For anyone who's been playing right until the end of the season, it's going to be an adjustment with the speed of the playoffs, so everyone's going to have to step it up a little bit. We'll all be excited, especially myself in Game 1. Hopefully, that energy and that excitement can carry me through and get me enough to play my best.
Also, the Blues tied for first in the Western Conference with the Anaheim Ducks in goal differential at plus-57. That is largely due to St. Louis' strong team defense. Goaltending was a question mark for much of the season, but the Blues made a power move by acquiring Ryan Miller from the Buffalo Sabres.
Although Miller's playoff success has been spotty over the years, there is little doubt that he is motivated to thrive now that he has a new lease on life. This promises to be the most entertaining and tightest series of the playoffs, but look for the Blues to ruin the Blackhawks' chances of repeating.

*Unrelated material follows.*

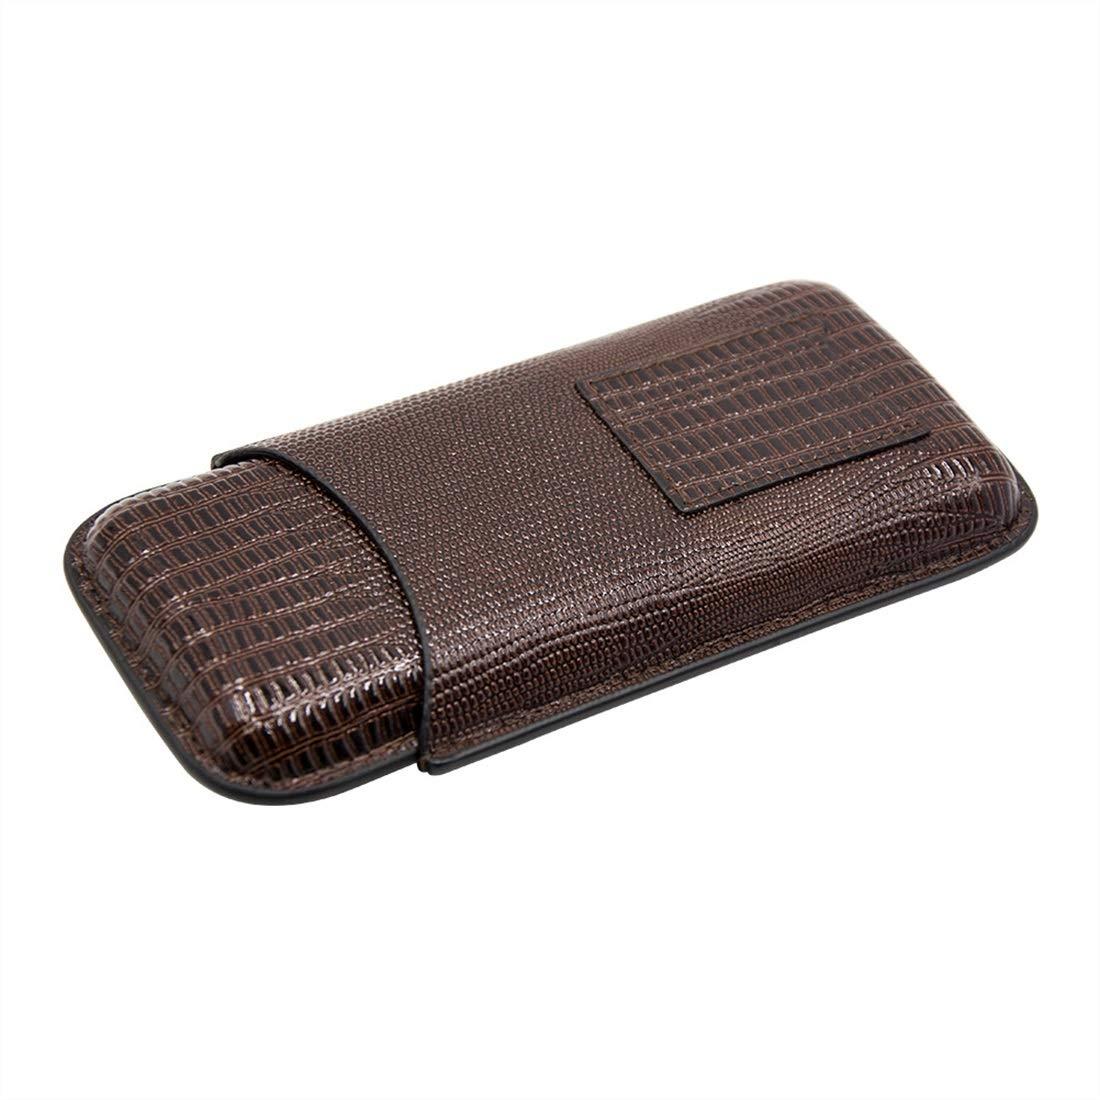 Klerokoh Klerokoh Klerokoh Estuche de Cuero para cigarros de Viaje, humidificador de cigarros para 3 Tubos (marrón) 4650ee
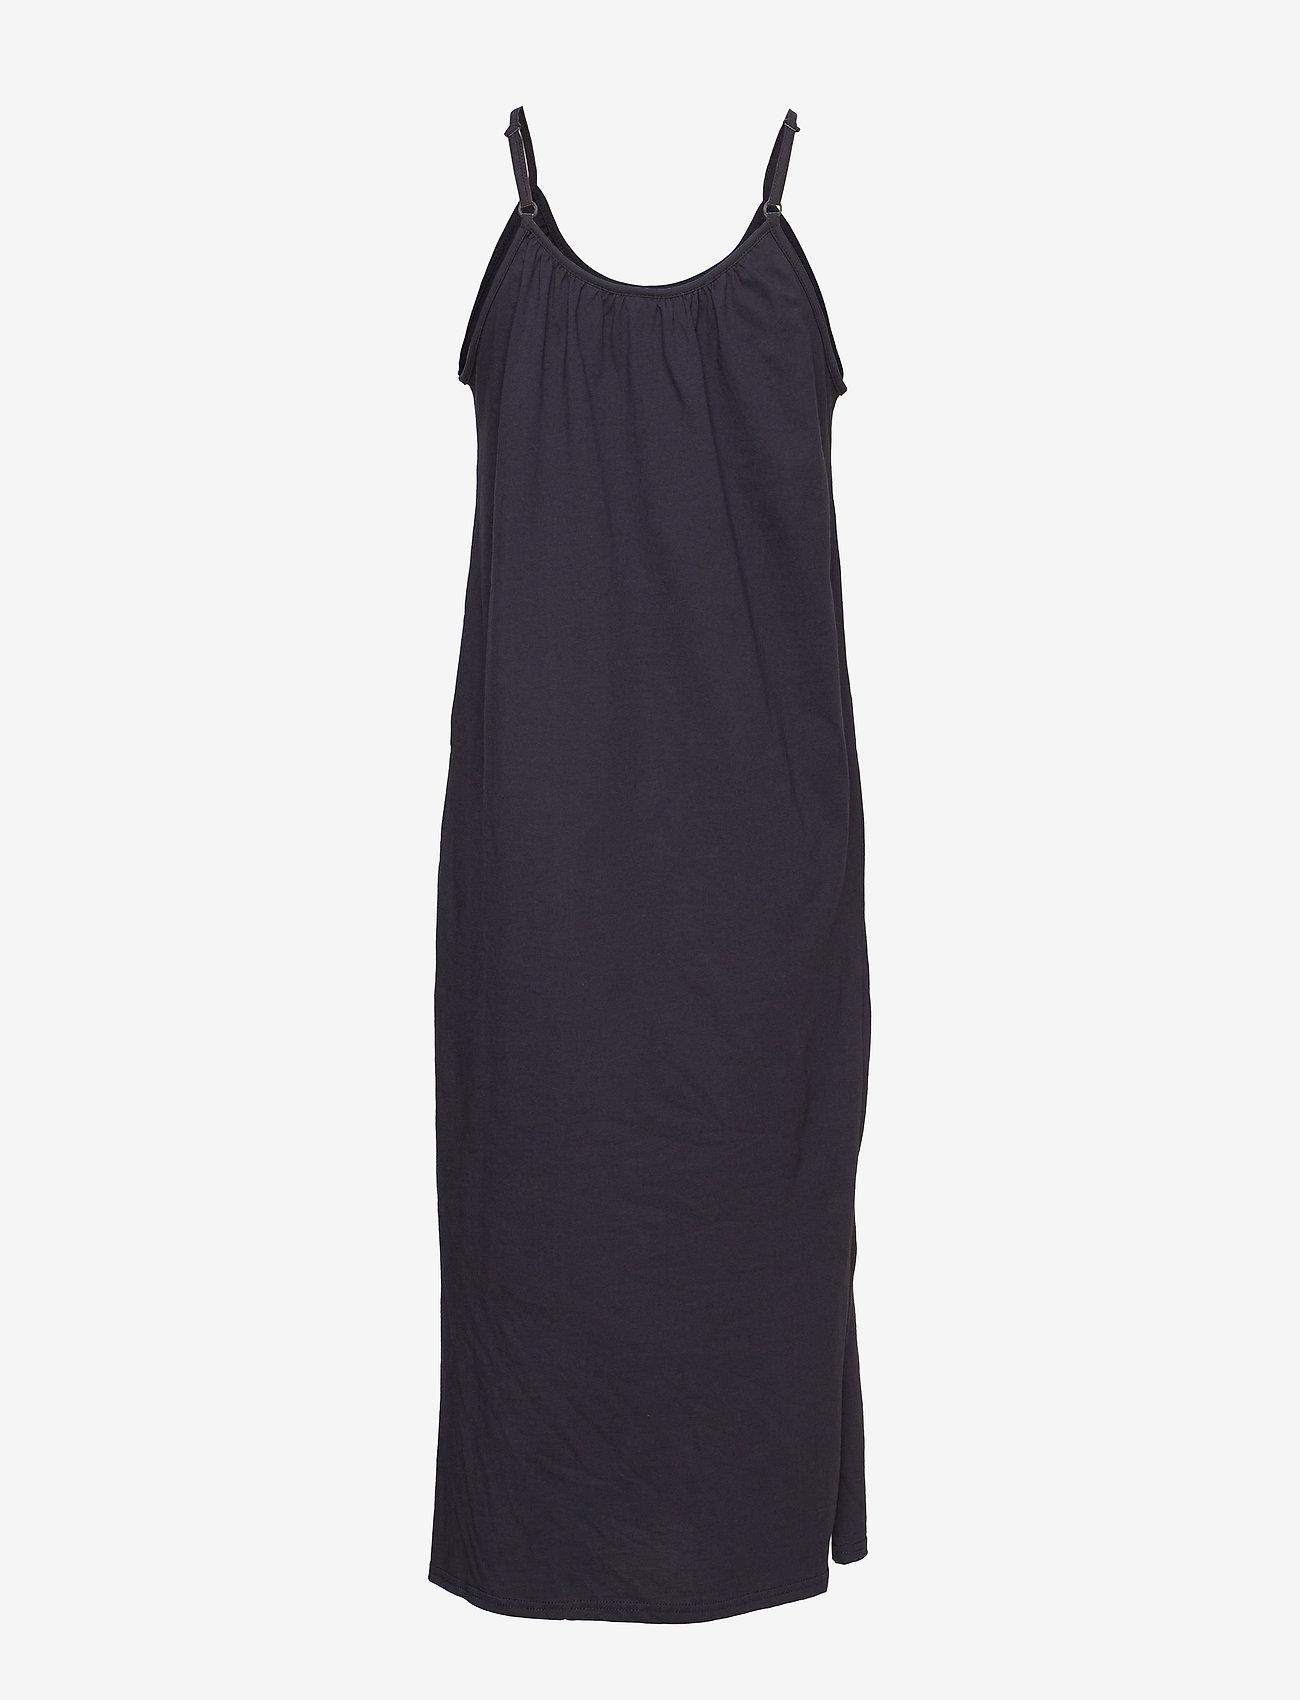 Saint Tropez Adeasz Sl Dress - Dresses

Minnesota Wild (+125) vs. Colorado Avalanche (-155)
It has long been known that the Colorado Avalanche had the potential to be great, but they were unable to put it all together until this season. Young players like Matt Duchene, Gabriel Landeskog and Nathan MacKinnon came into their own, and the guidance of head coach Patrick Roy was enough to lead the Avs to a shocking division title.
Colorado will look to continue its dream season by advancing in the playoffs, but the Minnesota Wild won't be a walk in the park by any means. Minnesota played a playoff-esque style all season long in that it didn't score a ton, but it didn't allow many goals either. Because of that, the Wild should be well prepared for postseason hockey.
Minnesota made an under-the-radar move by acquiring goalie Ilya Bryzgalov prior to the trade deadline. There is no question that Bryzgalov can be volatile, but he was absolutely superb prior to struggling in his most recent start, according to Michael Russo of the Star Tribune:
If Bryzgalov is on his game, then he could be a major X-factor in a deep Minnesota run through the playoffs. The Avs have more offensive depth than the Wild, but Bryzgalov has the potential to neutralize it.
Also, the Wild aren't exactly incompetent when it comes to putting the puck in the back of the net. They can score when they need to, and the likes of Zach Parise, Jason Pominville and Mikko Koivu will prove difficult for Colorado to handle.
Avalanche fans should be proud of the way that their young team has played this season, but things will come to an abrupt end against Minnesota.